Collecting a few fragments of the wrecked machine, to serve as tools, he fell to work again upon Agnes' remaining chain. Already he had cut a deep groove in it. Two hours later, it was broken.

Carrying the metal urn of brownish liquid, they crept out through the hole in the fence, which had been torn by the flying fragment of a broken casting of green metal. They left the wreck of the machine which a strange race had worshiped as a bloody god and hurried furtively into the desert of red sand.

Making a wide circuit about the fantastic city of green metal, which Larry had seen from the air, they struck out eastward across the desolate ocherous waste. The food in the urn, eaten sparingly, lasted until the end of the eighth day.

On the morning of the ninth, they came in view of the green line of the ancient canal. It was hours later that they staggered weakly over its wall of crumbling masonry, clambered down into the muddy, weed-grown channel, and drank thirstily of green, tepid water.
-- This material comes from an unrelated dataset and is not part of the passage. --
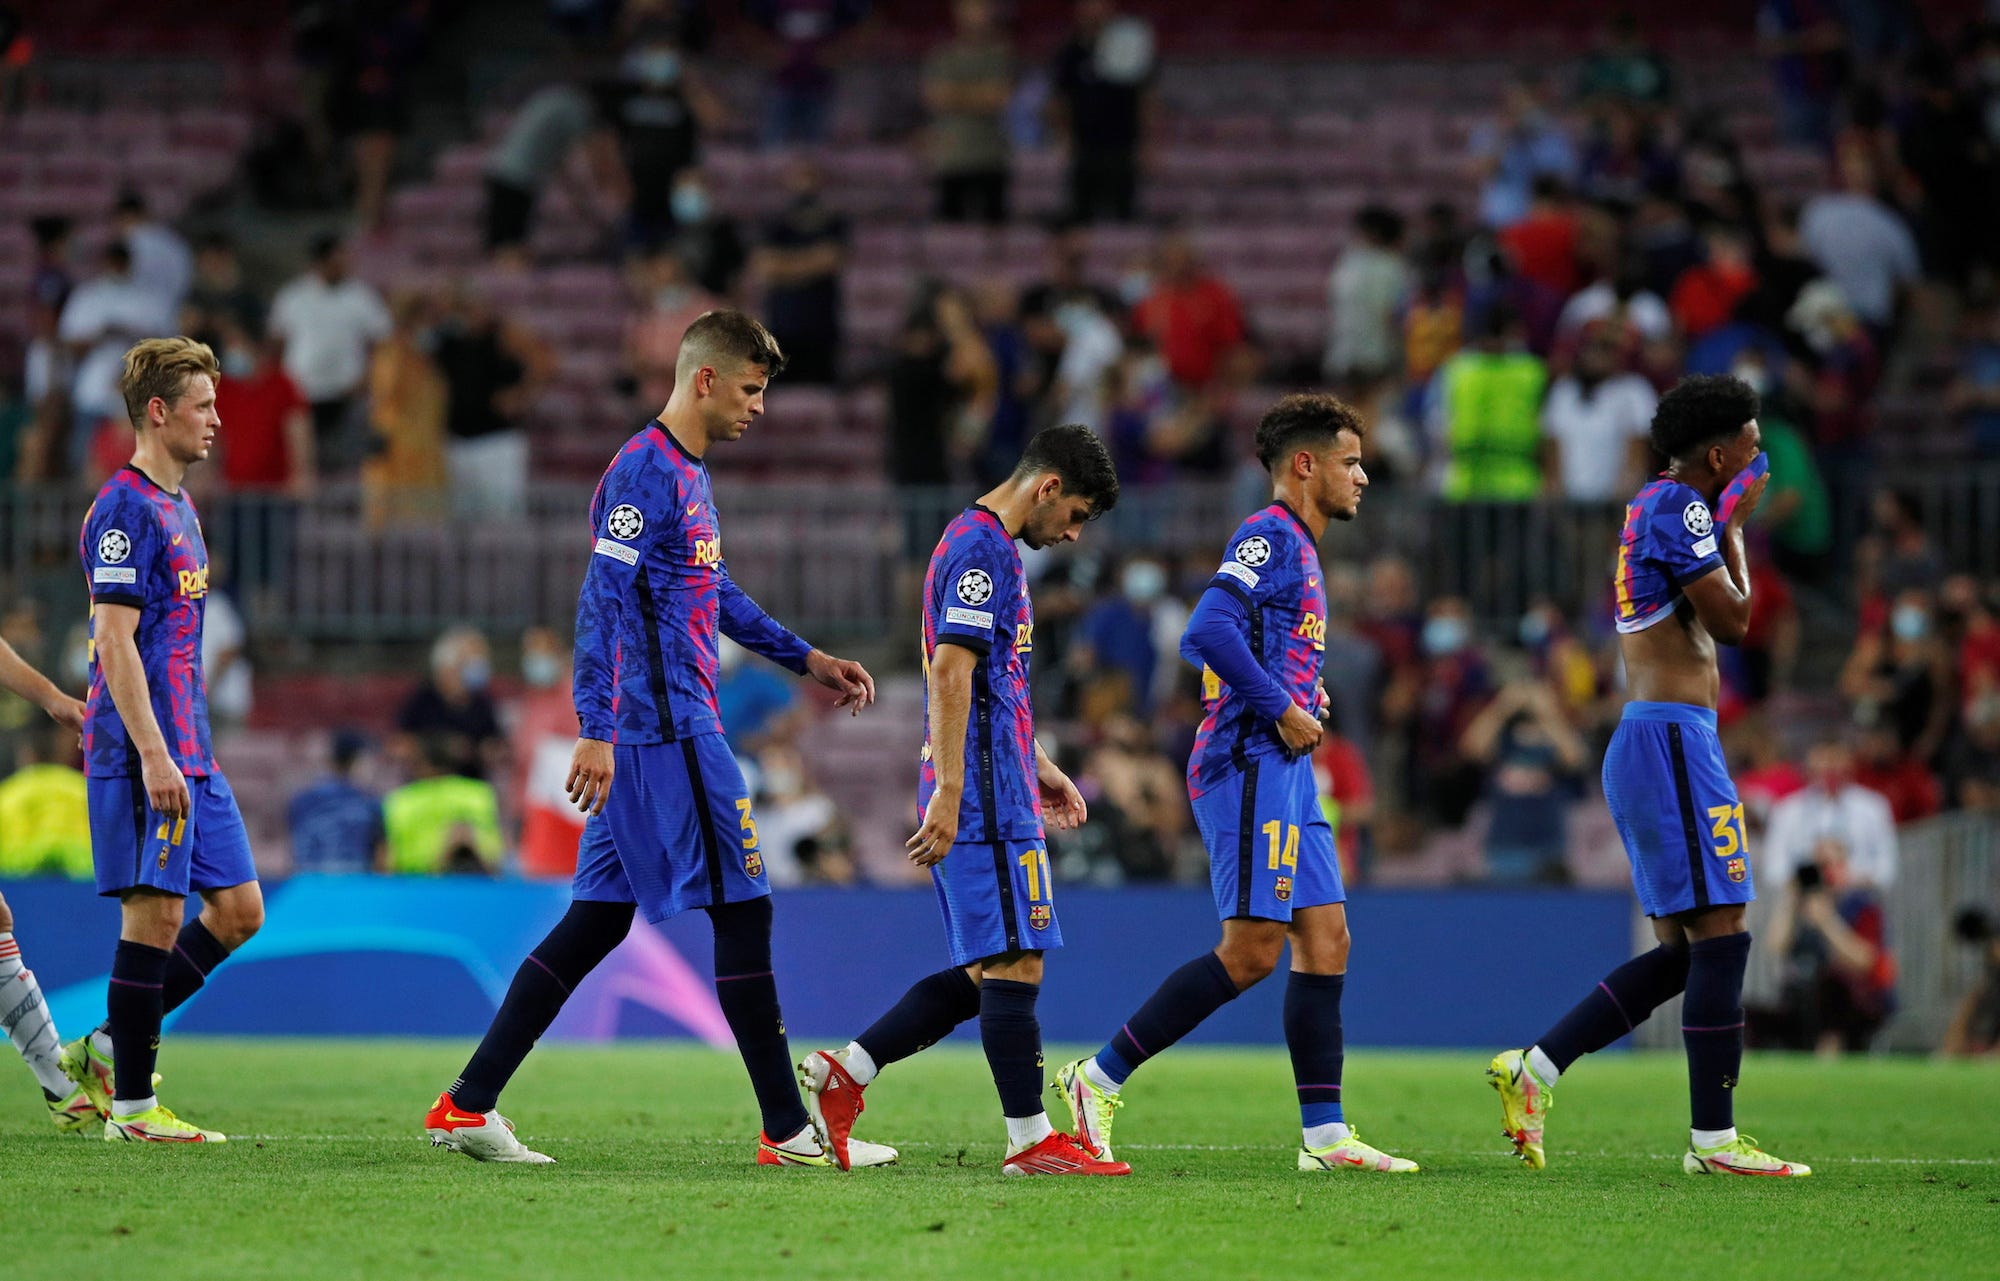 Barcelona's post-Messi plight took another dark turn with an ...

Larry found his old trail, beyond the canal. They followed it back. In the middle of the afternoon they stumbled up to the thicket of spiky desert growth, in which Larry had hidden the plane.

The machine was undamaged.

Before sunset, Larry had removed the stake ropes, slipped the canvas cover from the motor, turned the plane around, inspected it, and examined the strip of smooth, hard red sand upon which he had landed.
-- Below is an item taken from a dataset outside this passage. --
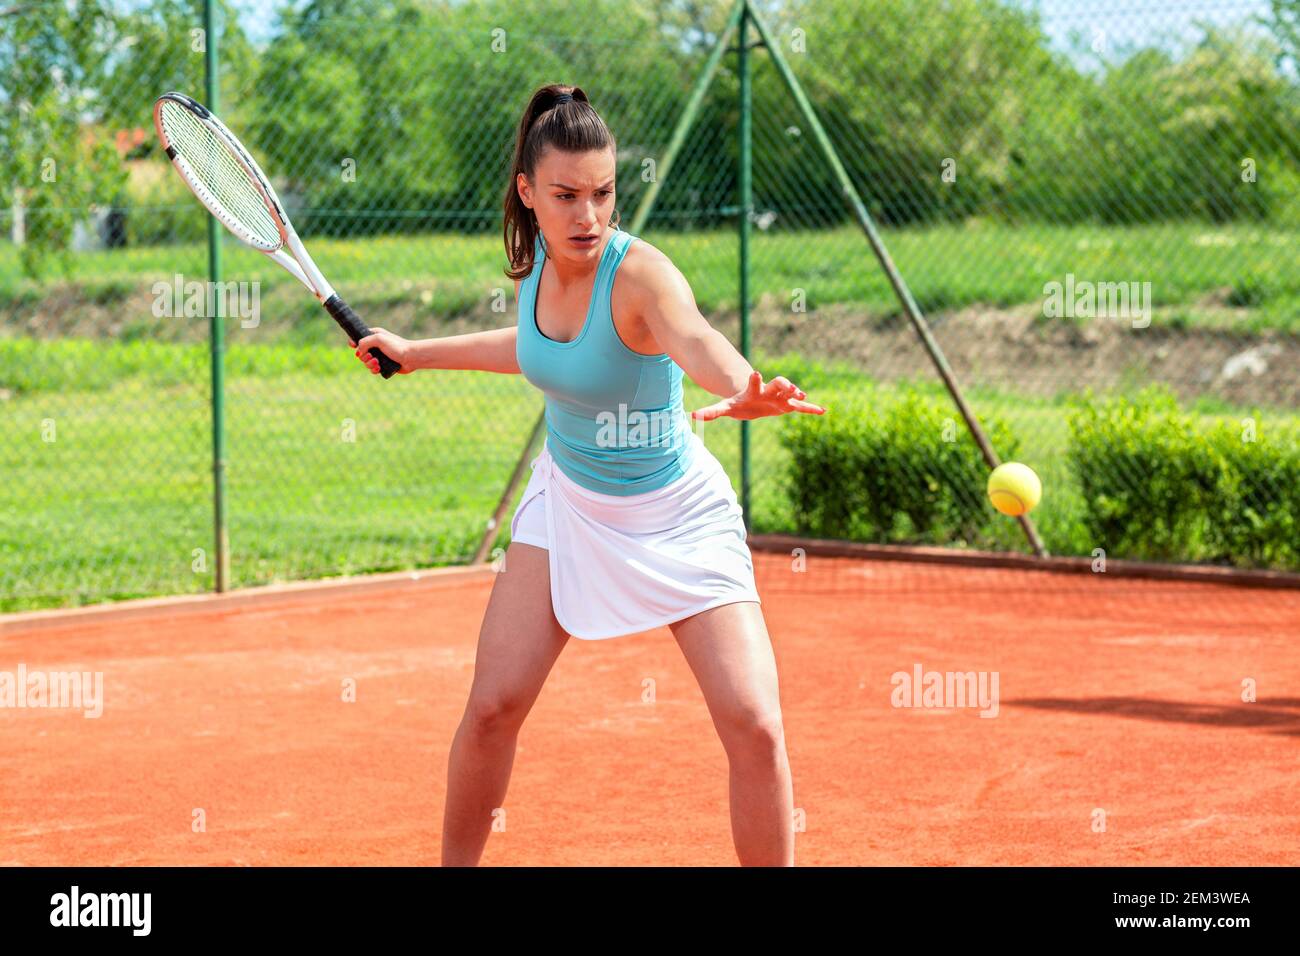 Beautiful girl fully concentrated to hit a tennis ball with a forehand  stroke Stock Photo - Alamy

Agnes pointed out the dim band of crimson across the sky, from north to south, slowly rising toward the zenith.

"That's the red ray," she said. "We fly into it."
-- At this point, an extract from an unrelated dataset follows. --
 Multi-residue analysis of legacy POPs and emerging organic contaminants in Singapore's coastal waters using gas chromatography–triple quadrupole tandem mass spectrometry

"And a happy moment when we do," Larry rejoined.

He roused the motor to life.

As the bar of crimson light neared the zenith, the plane rolled forward across the sand and took off. Climbing steeply, Larry anxiously watched the approach of the red band. The gravitation of the Pygmy Planet seemed to diminish as he gained altitude, until presently he could fly vertically from it, without circling at all. He set the bow toward the scarlet bar across the sky before him.

And suddenly he was flying through ruby flame.

His eyes went to the little scale at the corner of the instrument board. He saw the little ebon needle waver, leave the mark designated "Pygmy Planet Normal" and start toward "Earth Normal."

For what seemed a long time, he was wheeling down the crimson ray. A few times he looked back at Agnes, in the rear seat. She had gone to sleep.

Then a vast, circular field was below--the crystal platform.

Larry landed the plane upon it, taxied to the center and stopped there, with the motor idling. The laboratory, taking shape in the blue abyss about him, seemed to contract swiftly.

Presently the plane covered most of the crystal disk. He taxied quickly off, stopped on the floor nearby, and cut the ignition. Agnes woke. Together they clambered from the plane's cabin and walked back into the crimson ray.

Once more the vast spaces of the room seemed to shrink, until it looked familiar once more. The Pygmy Planet, and the huge machine looming ever them, dwindled to natural size.

Agnes, watching a scale on the frame of the mechanism, which Larry had not noticed, leaped suddenly from the red ray, drawing him with her.

"We don't want to be giants!" she laughed.

Larry drew a deep breath, and looked about him. Once more he was in his own world, and surveying it in his normal size. He became aware of Agnes standing close against him. He suddenly took her in his arms and kissed her.

"Wait a minute," she objected, slipping quickly from his arms. "What are we going to do about the Pygmy Planet? Those monsters might come again, even if you did wreck their god. And Dr. Whiting, poor fellow--But we mustn't let those monsters come back!"

Larry doubled up a brown fist and drove it with all his strength against the little globe that spun so steadily between the twin, upright cylinders of crimson and of violet flame. His hand went deep into it. And it swung from its position, hung unsteadily a moment, and then crashed to the laboratory floor. It was crushed like a ball of soft brown mud. It spattered.

"Now I guess they won't come back," Agnes said. "A pity to spoil all Dr. Whiting's work, though."

Larry was standing motionless, holding up his fist and looking at it oddly. "I smashed a planet! Think of it. I smashed a planet! Just the other--why it was just this evening, at the office, I was wishing for something to happen!"